Tuesday, February 10, 2015

Big Bust on Morningside Heights

I've been pondering for years how I can write a play that can use material from Marvin Harris's article for The Nation, "Big Bust on Morningside Heights."

And I think I finally came up with something. Unfortunately I won't be able to get to it until April at the earliest - I have way too much theater stuff going on in February and March.

I'm excited though - I'd love to combine my love of the work of Marvin Harris with my theater work.

I read a copy of the piece which I retrieved from The Nation archives several years ago. Since it is under copyright, it was removed from the Public Anthropology web site, but luckily the Wayback Machine had a copy.

I have a current subscription to The Nation, so I suspect I could get a copy again from there, but it's more convenient online.

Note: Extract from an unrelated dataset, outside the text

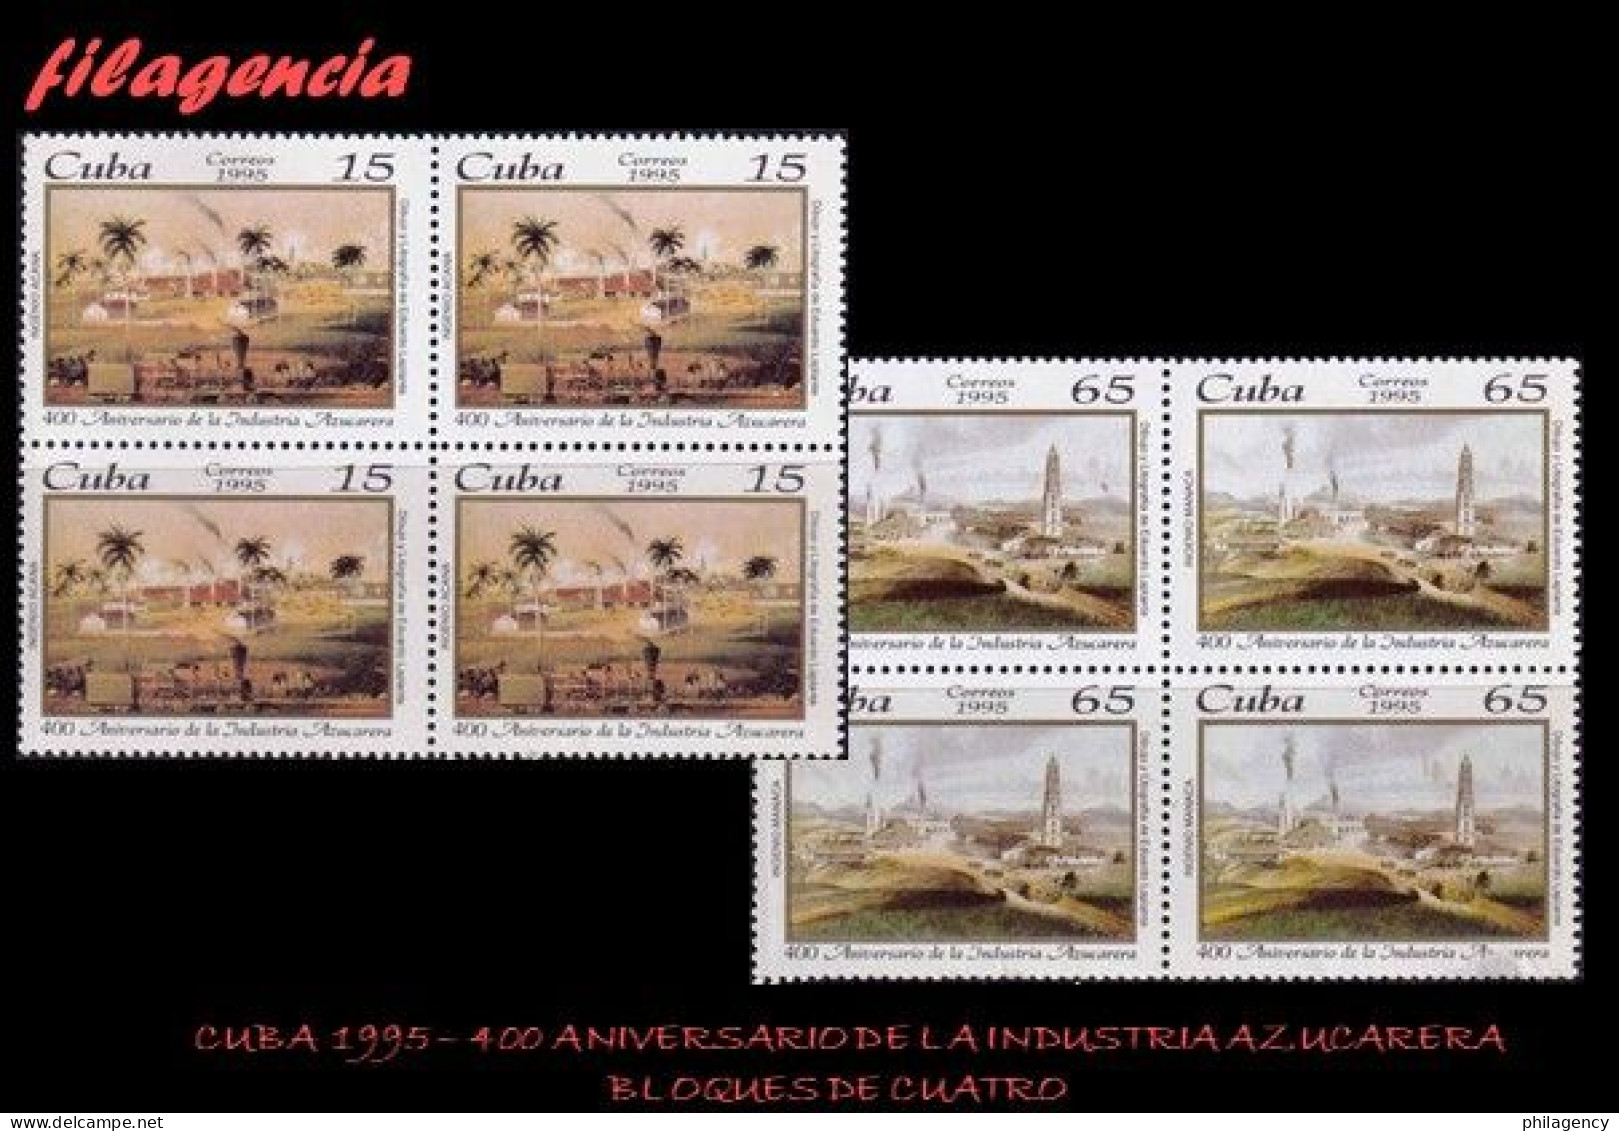 CUBA. BLOQUES DE CUATRO. 1995-15 IV CENTENARIO DE LA INDUSTRIA AZUCARERA EN CUBA - Ungebraucht

You would think the people who put together the Columbia 1968 web site could have gotten rights to reprint it, seeing as how they link to it, and how it was an eye-witness account by a prominent member of the faculty, of what went down back then when... I'll let Marvin Harris tell it:

At 2:30 A.M., Tuesday, April 30, a thousand New York City policeman attacked an approximately equal number of students barricaded inside five Columbia University buildings. The action lasted three hours and injured at least 148 persons in varying degrees. Many students were thrown or dragged down stairways. Girls were pulled out by the hair; their arms were twisted; they were punched in the face. Faculty members were kicked in the groin, tossed through hedges, punched in the eye. Noses and cheekbones were broken. A diabetic student fell into a coma. One faculty member suffered a nervous collapse. Many students bled profusely from head wounds opened by handcuffs wielded as weapons. Dozens of moaning people lay about the grass unattended. At one point an estimated 2,000 spectators were set upon by the police and pinned against the gates. Outside the campus, mounted police chased screaming knots of people, young and old, up and down Broadway in a scene from Planet of the Apes. It took a line of paddy wagons stretching along Amsterdam Avenue from 118th to 110th Street to carry off the 720 persons who were arrested. They were driven away, unrepentant, beating on the bars, cursing the police, President Grayson Kirk and Vice President David Truman.

Later Harris explains:
The failure of the administration to act quickly and seriously in response to various student charges concerning the university’s complicity in the detested Vietnamese War contributed heavily to the breakdown of trust and communication between the student activists and their administrative counterparts. Columbia’s destiny up to now has been under the control of a Board of Trustees consisting almost entirely of top-ranking businessmen - directors for more than sixty banks, insurance companies, utilities and manufacturing corporations including IBM, C.B.S., Con Ed, Ford, Equitable Life, Shell Oil, AT&T, Metropolitan Life, Irving Trust Co. and the Chase Manhattan Bank. Insofar as these men are leaders of bureaucratic empires which our best students associate with massive acts of social irresponsibility, evasion, hypocrisy and exploitation their image is unsuited to attempts to establish cross-generational dialogues under the present circumstances. Nothing which the trustees of Columbia University have done during the past two years has indicated that the negative impression which they create on young minds thirsting for principled commitments to life and humanity is incorrect.
Combine this with my recent watching of the later episodes of Eyes on the Prize and I think I can create a story involving young black students and an anthropology professor (based on Harris of course) that deals with these issues. I'm looking forward to starting it. After I finish DARK MARKET and my Marilyn Monroe play and my play about jury duty. Sigh.